Костина мать, тётя Клара, после ухода из семьи Сигала-старшего, который если не пил по-чёрному, то был близок к этому, и похорон отца, дремучего деда-паралитика, обрушила на единственного сына всё своё обожание. Дабы он сполна вкусил её заботы, она ни свет ни заря ходила для него на базар за горячими лепёшками к завтраку; она уступила ему свою бывшую супружескую кровать, а сама перешла спать на старый, продавленный дедовский диван (хотя кто кому в данной ситуации уступил – это ещё как сказать); она по журналу «Verena» вязала ему уютные свитера и шарфы; она даже порывалась тёмными зимними вечерами встречать его с работы. Она бы исхитрилась и луну с неба достала, пожелай её сынуля того.
Он же, тяготясь чрезмерной материнской любовью и её маниакальной одержимостью порядком в доме, в скором времени предпочёл за благо жить один. Купил квартиру в престижном районе, правда, как он сам не упускал случая вставить, «с видом на кладбище, зато не хрен знает какое, а Коммунистическое», поскольку к себе всегда относился с немалой долей иронии, ездил - ни много ни мало - на чёрной BMW с тонированными стёклами и другими наворотами, обзавёлся авантажным гардеробом, даже стал носить галстук, однако, жениться желания отнюдь не изъявлял. Раздольная жизнь савраса без узды его вполне устраивала.
Невысокого роста, худой, нескладный, чернявый, в очках с толстыми стёклами, за которыми прятались глубоко посаженные глаза, пребывающие всё время настороже, с широким, раздвоенным подбородком и длинным, с горбинкой на тонкой переносице носом, он совсем не походил на мать. Родство между ними выдавали разве что как две капли воды похожие выпуклые родинки на шее.

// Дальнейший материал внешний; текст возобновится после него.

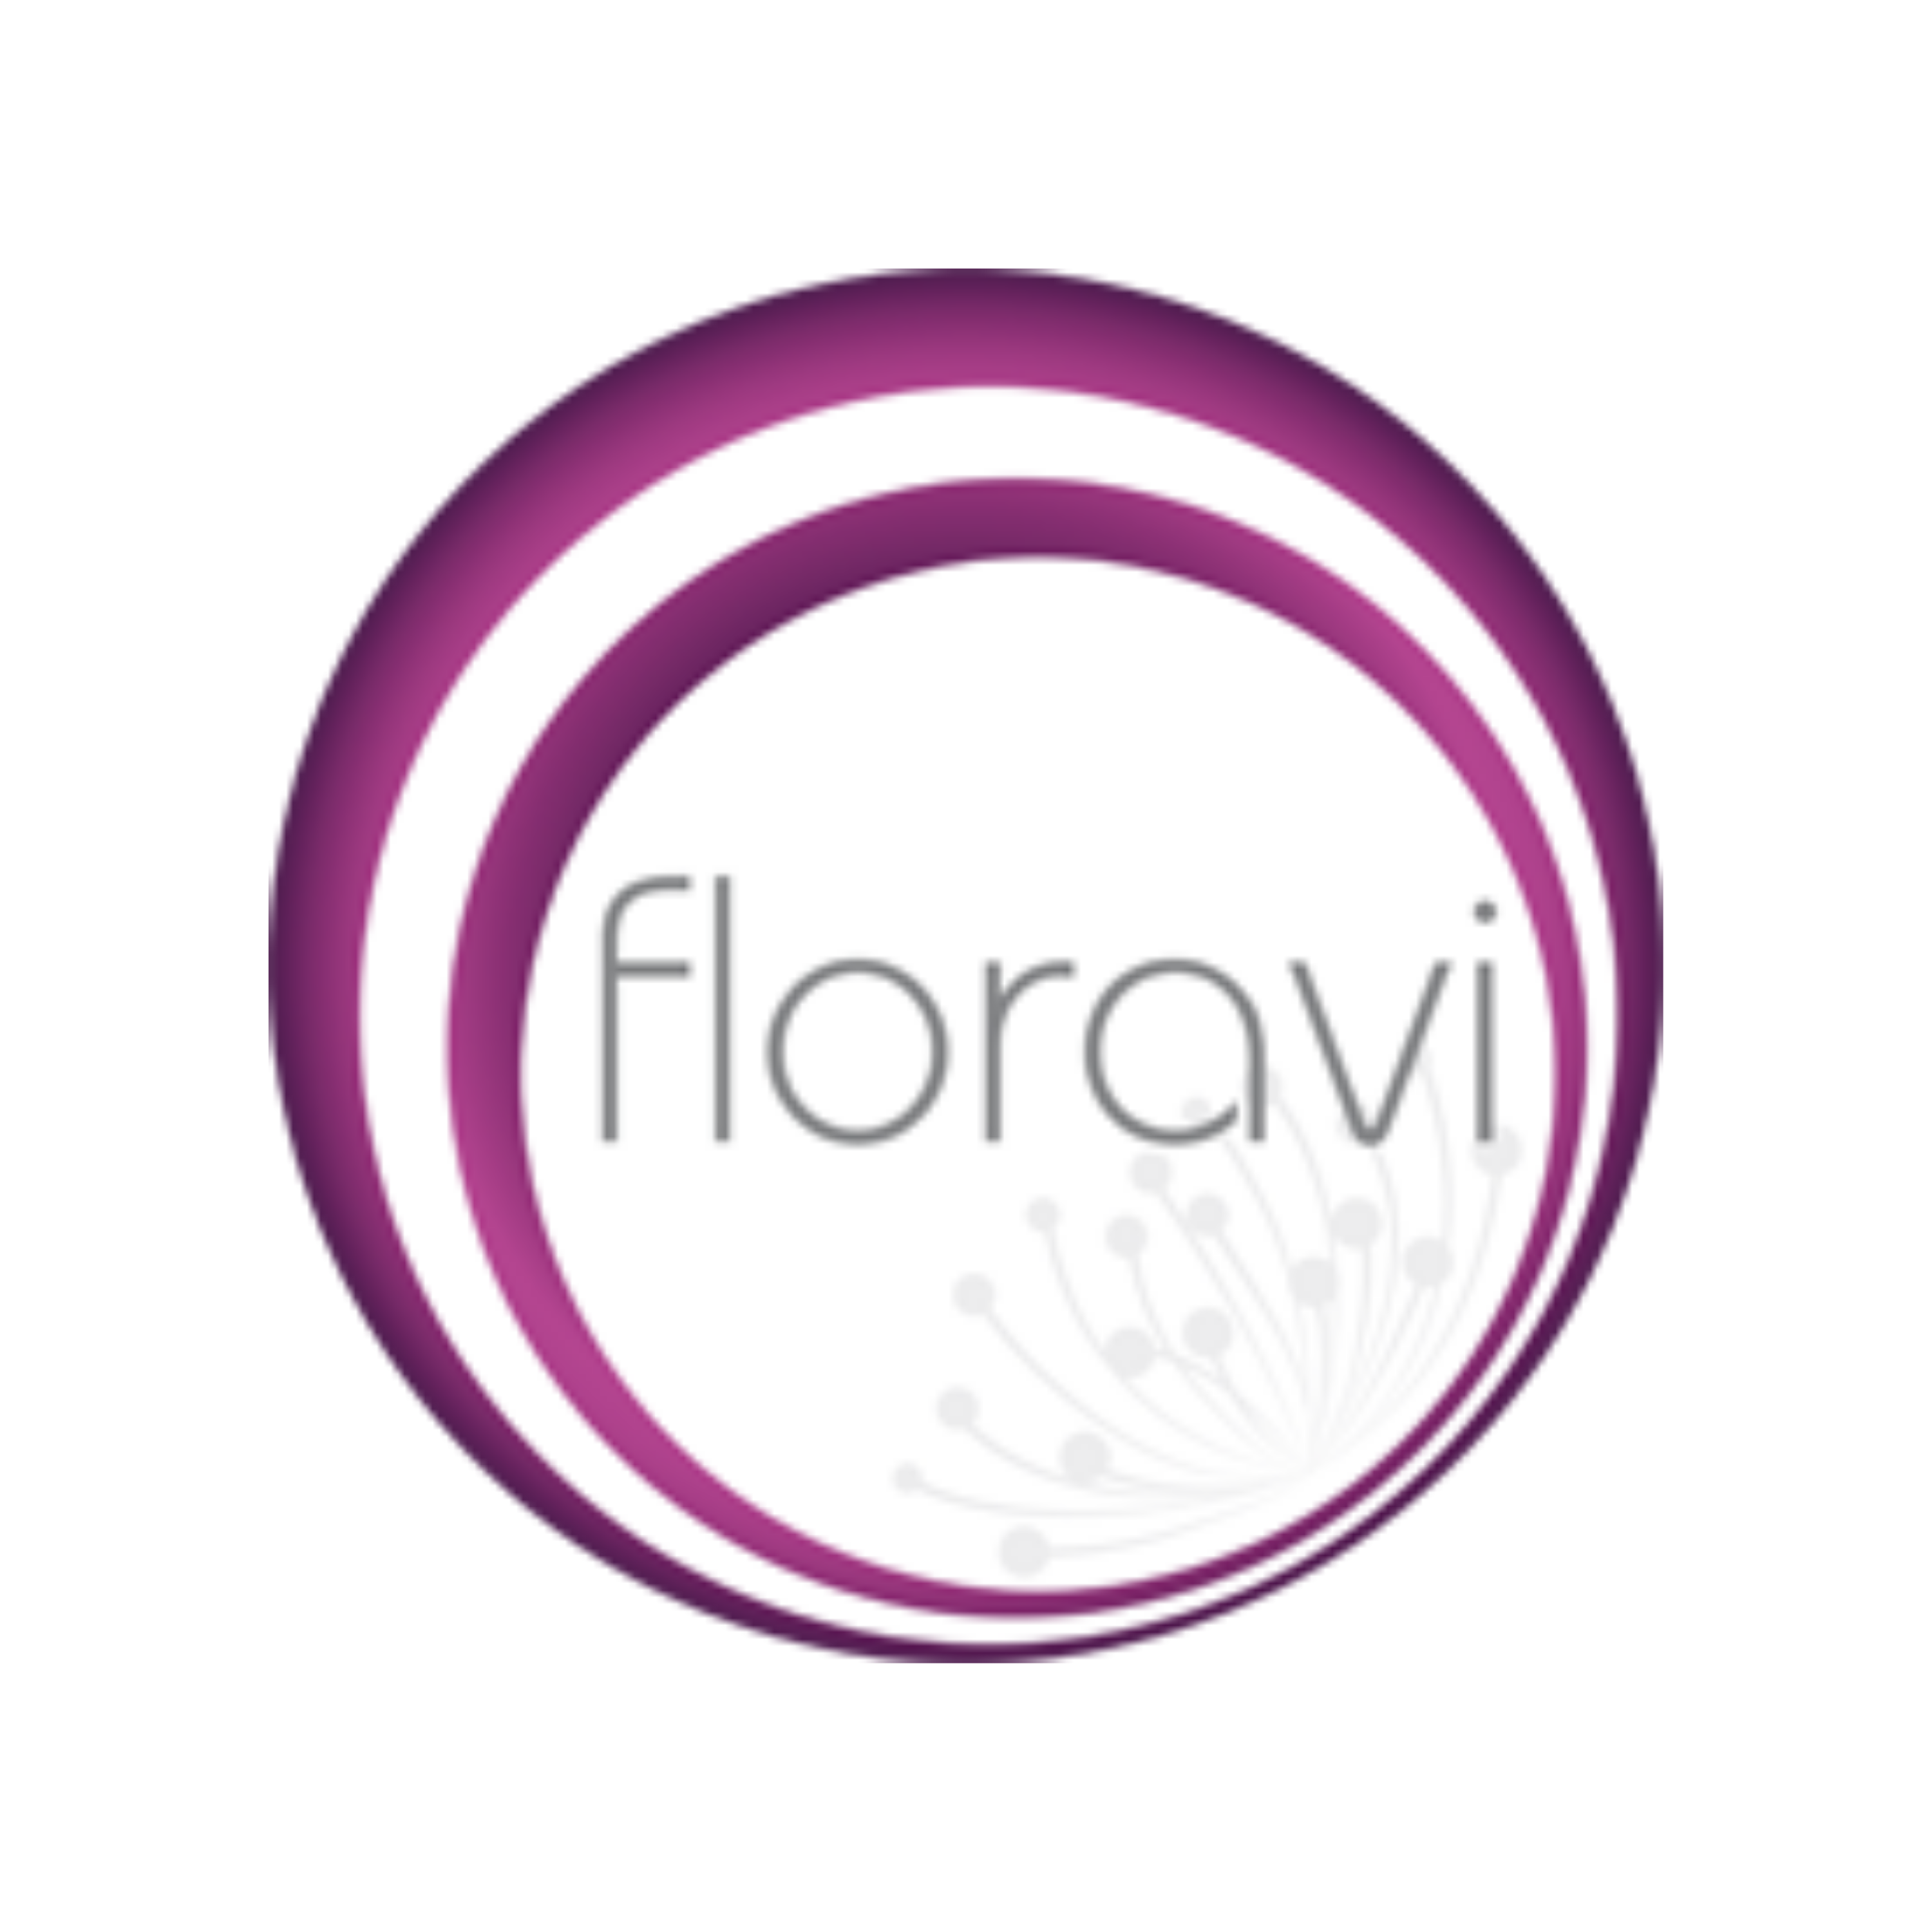 Floravi

Тётя Клара брала не столько своим представительным видом, сколько эпическим нравом и обаянием.
Она была общительная (по мне, так даже слишком общительная), смешливая, миловидная, круглолицая, зеленоглазая, рыженькая, с полной шеей, маленькими пухлыми ручками и ямочками на щеках, несмотря на излишки веса по девичьи лёгкая и живая. Я всегда терялся, когда она, здороваясь, складывала ладонь лодочкой и протягивала мне полуопущенную кисть с молочно-белой кожей. Было в этом жесте что-то вызывающе-манерное.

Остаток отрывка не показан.